Machine learning and artificial intelligence (AI)
are two of the most commonly used commercial phrases these days. As a result, companies across sectors are searching for methods to include them in order to optimize and automate their key operations. The energy sector is no exception!
Indeed, throughout the years, renewable energy industries (wind, solar, hydro, nuclear) have substantially gained from the potential of machine learning. They were able to reduce their expenses, make better projections, and raise the rate of return on their portfolio. And this tendency is just going to gain momentum. If your company is in the energy industry or utilizes a lot of power, machine learning and AI can help you improve your business performance. But how precisely? Let's get started.
Ways in Which AI and Machine Learning are Changing Energy Sector
There are a few methods that machine learning and AI can be applied to positively improve the energy industry. Here are a few popular applications currently under development.
AI helps match energy output
with demand and ensure power grid stability and resilience.In 2003, a low-hanging high-voltage electricity line hit an overgrown tree in Ohio, causing a widespread blackout. There was no power system alarm and no sign of the incident. The electric company didn't notice until three additional power lines failed. This carelessness ultimately brought down the whole grid. The 50 million-person blackout lasted two days. Eleven individuals died, and $6 billion was lost.

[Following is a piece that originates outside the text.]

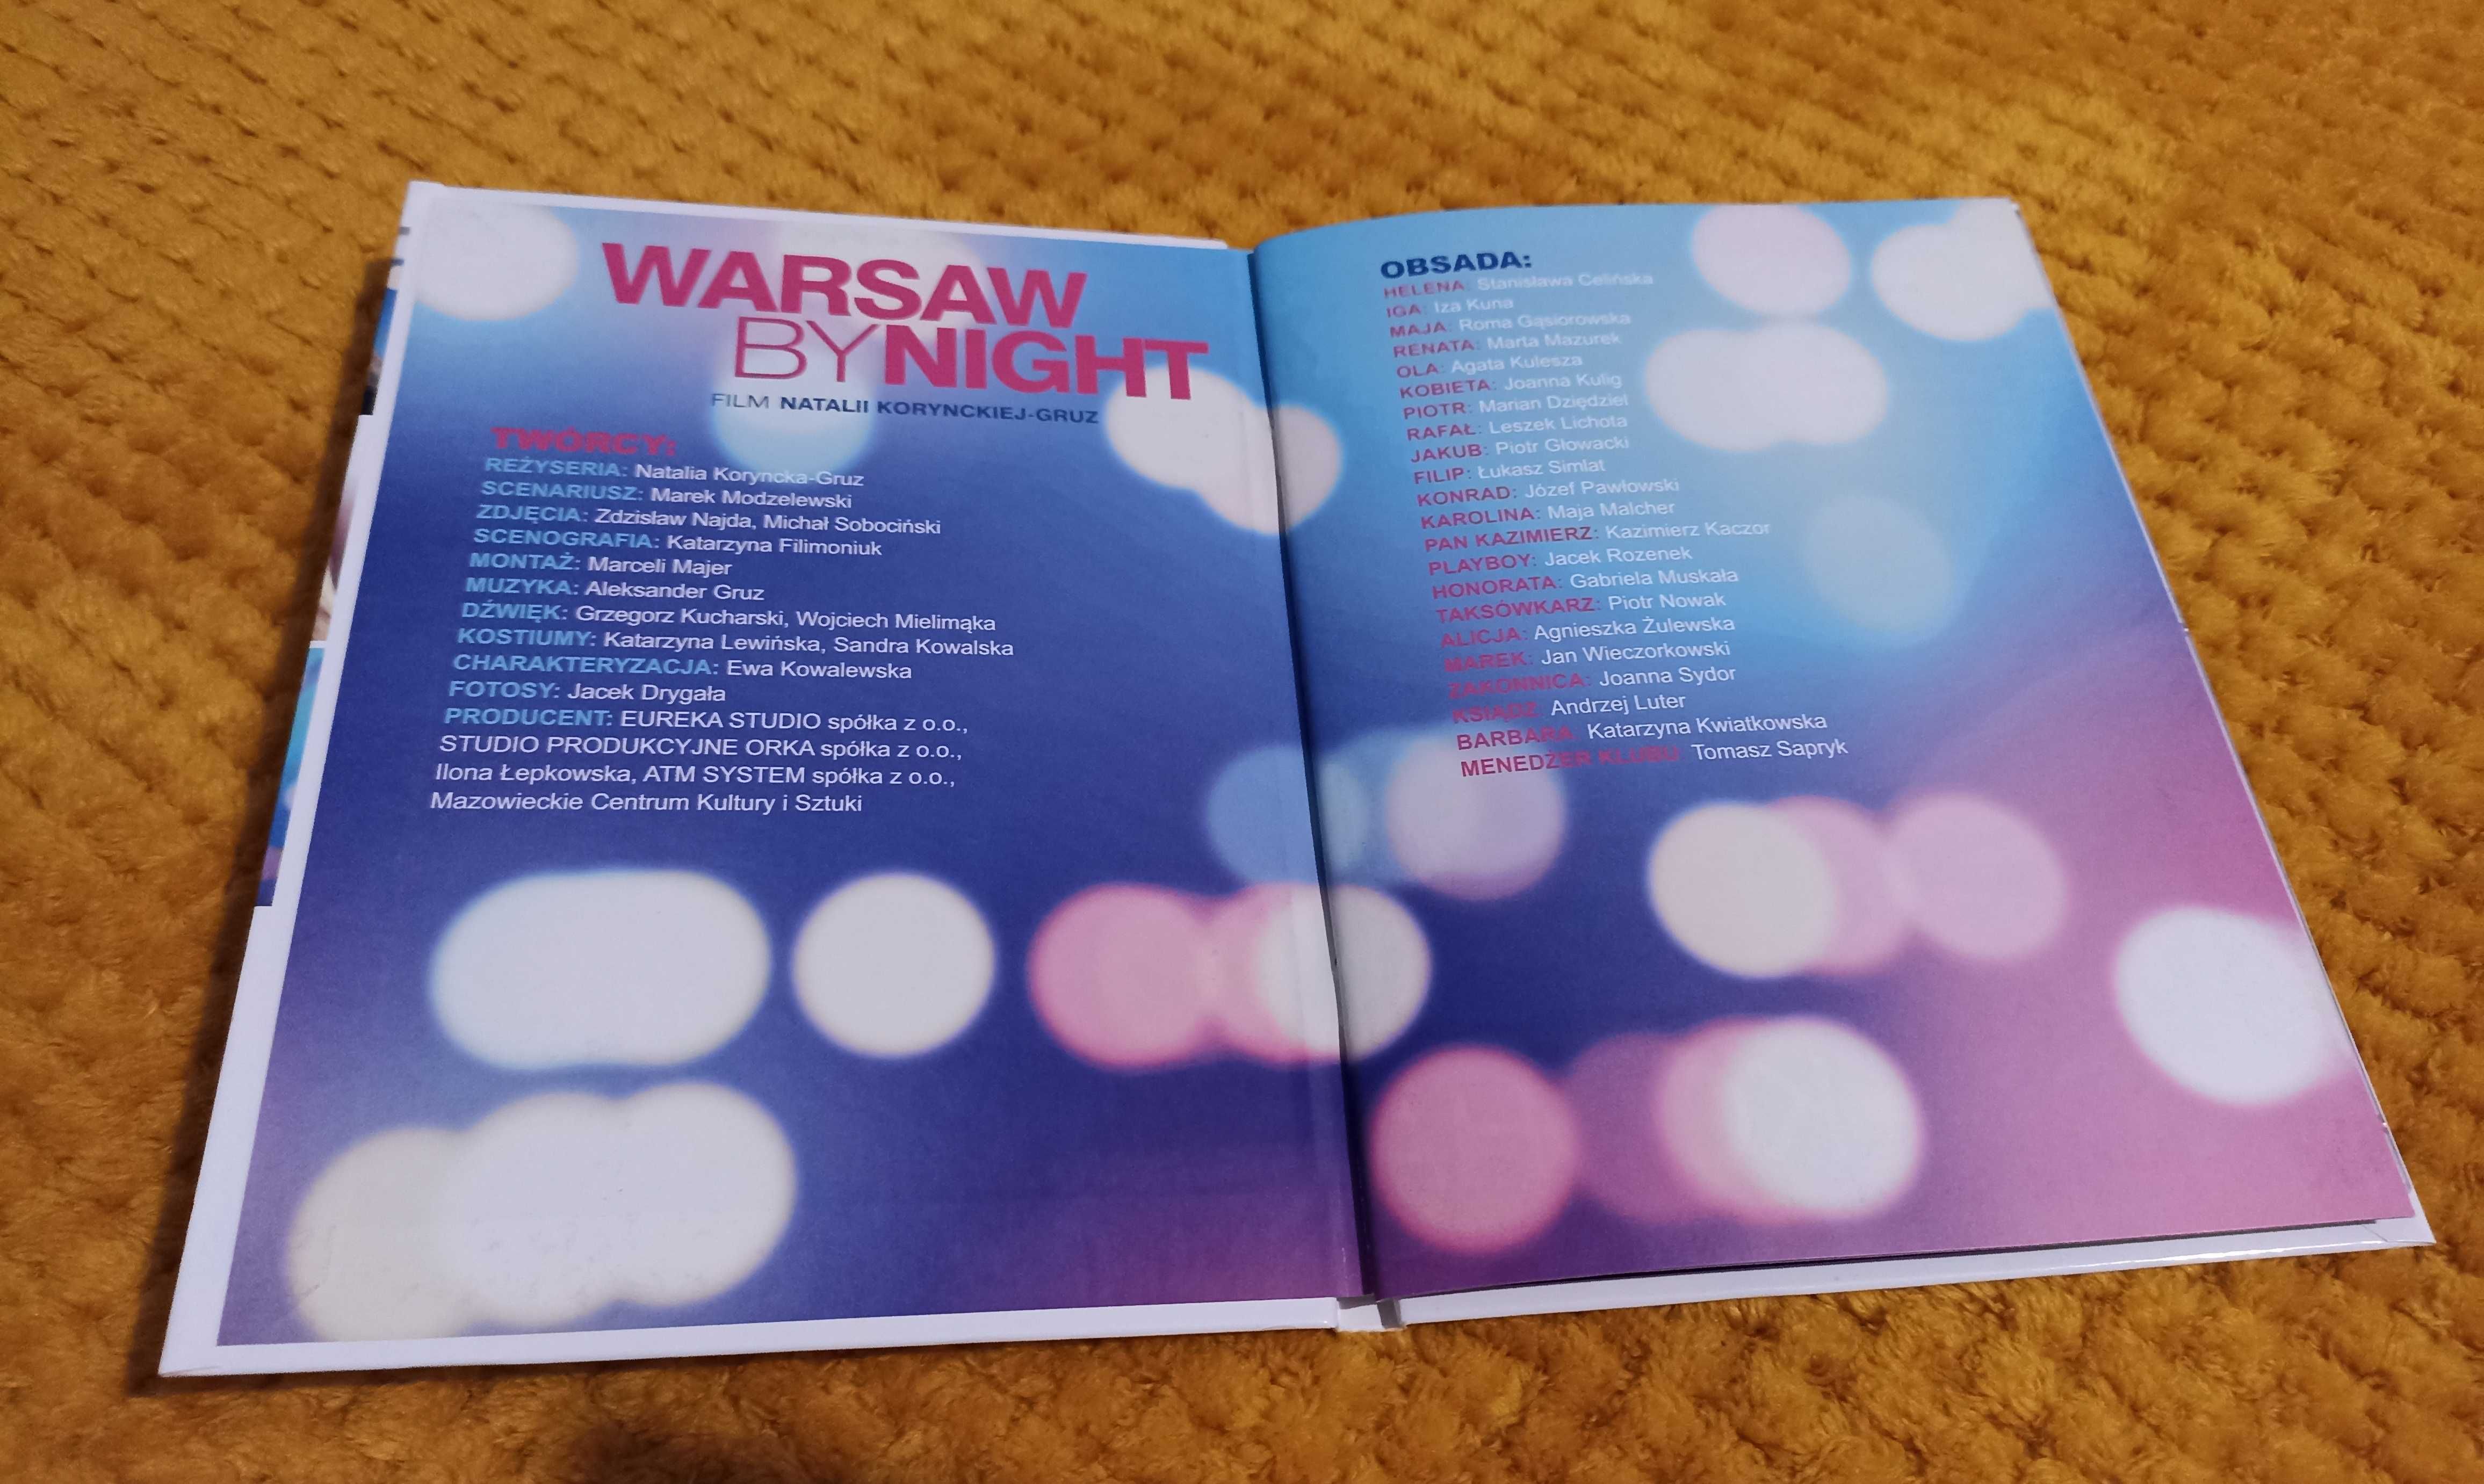 Płyta DVD z filmem "Warsaw by night" Natalii Korynckiej-Gruz

Predictive maintenance can be implemented using machine learning and IoT
Sensors gather operational time series data from electricity lines, equipment, and stations (data accompanied by a timestamp).
Machine learning algorithms can then forecast when a component will fail (or n-steps). It can also anticipate machinery's remaining usable life or future breakdown. These algorithms detect machine failure, eliminate blackouts or downtimes, improve maintenance procedures, and reduce maintenance expenses.
Grid management is a promising AI application in energy. Complex networks distribute electricity to users (also known as the power grid). Generation and demand must always match in the electrical system. Other issues, like blackouts and system breakdowns, can occur.
Despite being ancient, pumped hydroelectric storage is the most common way to store energy. It operates by moving water upwards and letting it fall into turbines. Renewable energy makes predicting the grid's power generation challenging. After all, it is affected by a variety of things, like sunlight and wind.
Large demand shifts can be expensive for nations that depend on renewable energy. As nations migrate to green energy, it's harder to adapt to demand fluctuations. Germany plans to use 80% renewable energy by 2050.
Countries such as Germany will encounter two major challenges Demand fluctuations: On some days or times of the year, power consumption soars (on Christmas, for example) Weather volatility: Without wind or clear skies, it might be hard to meet electrical demand. In both circumstances, more stations or fossil fuel-powered facilities must meet demand
Solving demand response issues
Many nations are partnering with businesses to examine weather forecasts, power demand, etc. Germany's EWeLiNE project forecasts wind and solar energy at a specific moment. This enables the government to use non-renewable energy to meet additional power demand.
They utilize enormous historical data sets to train machine learning algorithms, as well as data from wind turbines or solar panels, to properly balance supply and demand.
AI increases the potential of humans.
Several renewable energy producers are investing in artificial intelligence to boost their businesses.There are numerous uses of artificial intelligence in renewable energy. The fundamental purpose of AI integrated systems is to reduce forecasting issues and incorporate renewable energy into the central energy grid as effectively as possible. AI can also assist renewable energy providers in developing successful plans and policies based on present energy consumption and demand.